First, let’s use a simple “counting” example. Imagine two loci, 1 & 2, with alleles in flavors A and a, and B and b, respectively. Let’s assume that the A & B contribute 1 unit of a trait, while a & b contribute 0 units. Additionally, the phenotypic outcomes are additive & independent across and within loci. By example:
AABB = 4 units
AaBb = 2 units
AAbb = 2 units
aaBB = 2 units
Aabb = 1 units
aaBb = 1 units
aabb = 0 units
Assume that the frequency of the two alleles are the same, p (since the loci are diallelic, p = 0.5 obviously). Within the population 50% of the alleles are A & B, and another 50% are a & b, at each locus, 1 & 2. We can construct the following table of genotype frequencies that segregate within the population assuming p = 0.5 for A & a and B & b:

Genotype Frequency Phenotype – additive Phenotype – dominance
AABB 1/16 4 2
AABb 2/16 3 2
AAbb 1/16 2 1
AaBB 2/16 3 2
AaBb 4/16 2 2
Aabb 2/16 1 1
aaBB 1/16 2 1
aaBb 2/16 1 1
aabb 1/16 0 0

I’ve included dominance because we’ll discuss this in a bit. In any case, intuitively the proportions should make sense. There is only one way you can obtain a genotype of all “upper case” or “lower case” alleles, so you just multiply the expectations across each slot, 1/24, and you get 1/16. In contrast, there are multiple ways that you can obtain an AaBb genotype. AaBb, aABb, aAbB and AabB are equivalent, so you obtain 4 out of the 16 genotypic conformations.
Now, let’s assume that we are selecting a parental population from a subset of the overall population.

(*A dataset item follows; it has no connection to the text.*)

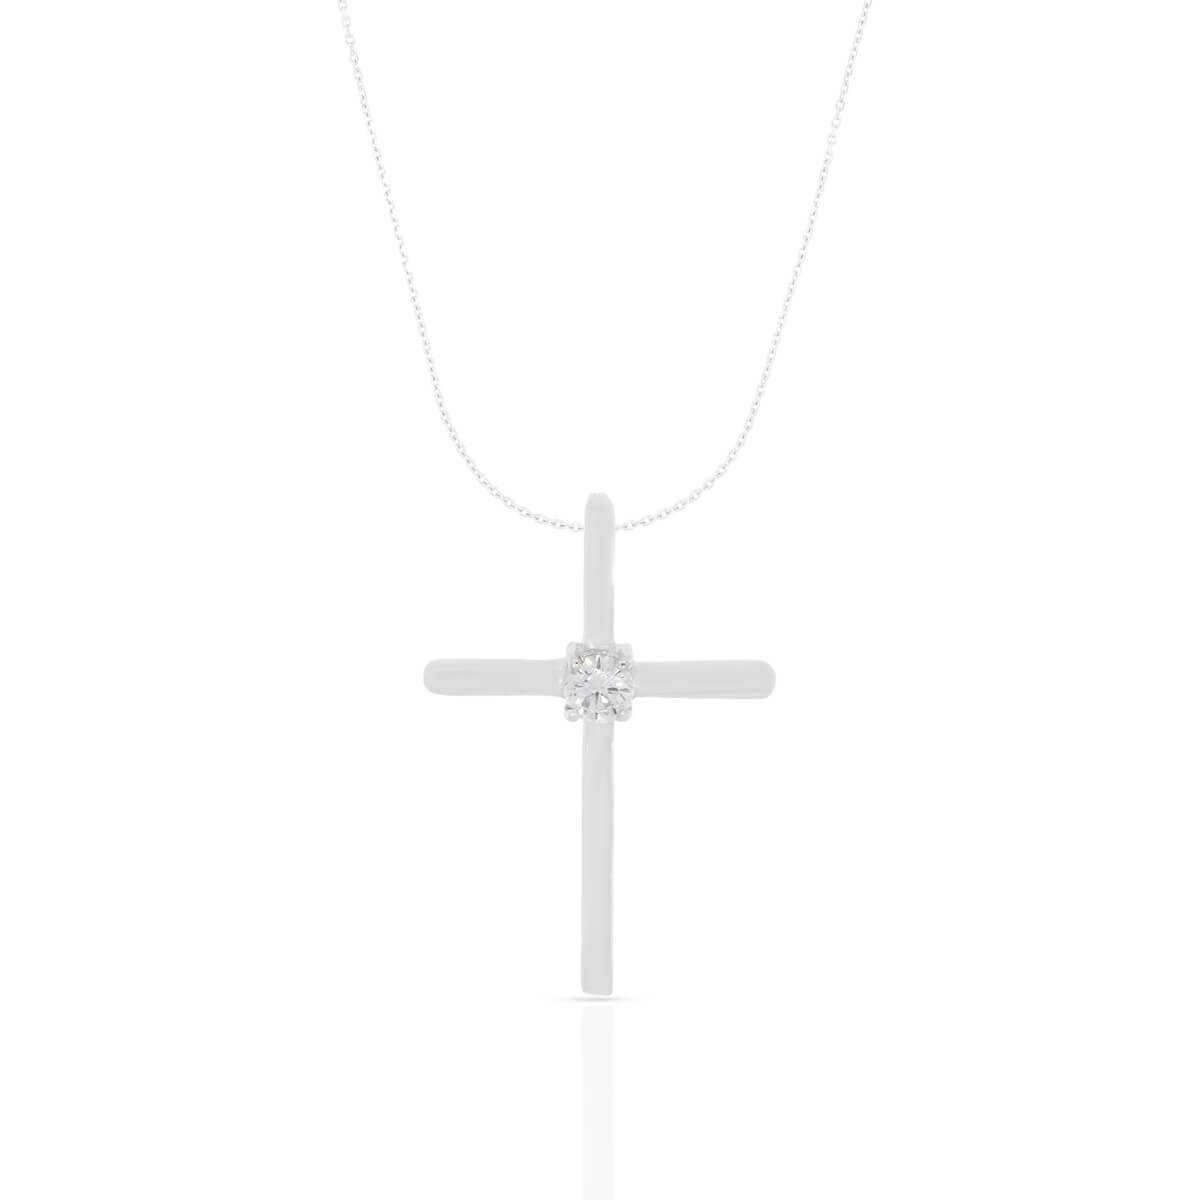 925 Sterling Silver Elegance Cross Pendant with Link Chain

Genotypes selected are as follows in the proportions given:
Aabb = 2/5
aaBb = 2/5
aabb = 1/5
This obviously is not representative of the overall population, and because of what we know about the genetic architecture we should expect that this will result in a different phenotypic mean within the offspring. In the larger population the mean would be 2 (you can confirm this numerically from the table above, or, just note that it is the mean derived from the binomial distribution). In the parent generation the mean is:
(2/5)(1) + (2/5)(1) + (1/5)(0) = 4/5
We simply took the proportions, used them as weights for the phenotypic values for the genotypes. Since “lower case” alleles are disproportionately represented in the selected population intuitively we should have expected a value lower than the overall population mean. Let’s stipulate that the trait is totally genetically controlled, then the outcome in the offspring will presumably be the same in regards to the mean phenotype as in the parents (expectation), 4/5. Going back to the breeder’s equation, we substitute:
(4/5 – 2 ) = h2(4/5 – 2) or
h2 = 1.0
The selected parental phenotype & the offspring phenotype both have a mean value of 4/5, so we remove 2, the original population mean. By basic algebra that means that the narrow sense heritability is 1.0. The way I framed the genetic architecture as additive and independent means that all the variation is due to additive genetic variance, so we should expect that the heritability in the narrow sense should account for the full phenotype range.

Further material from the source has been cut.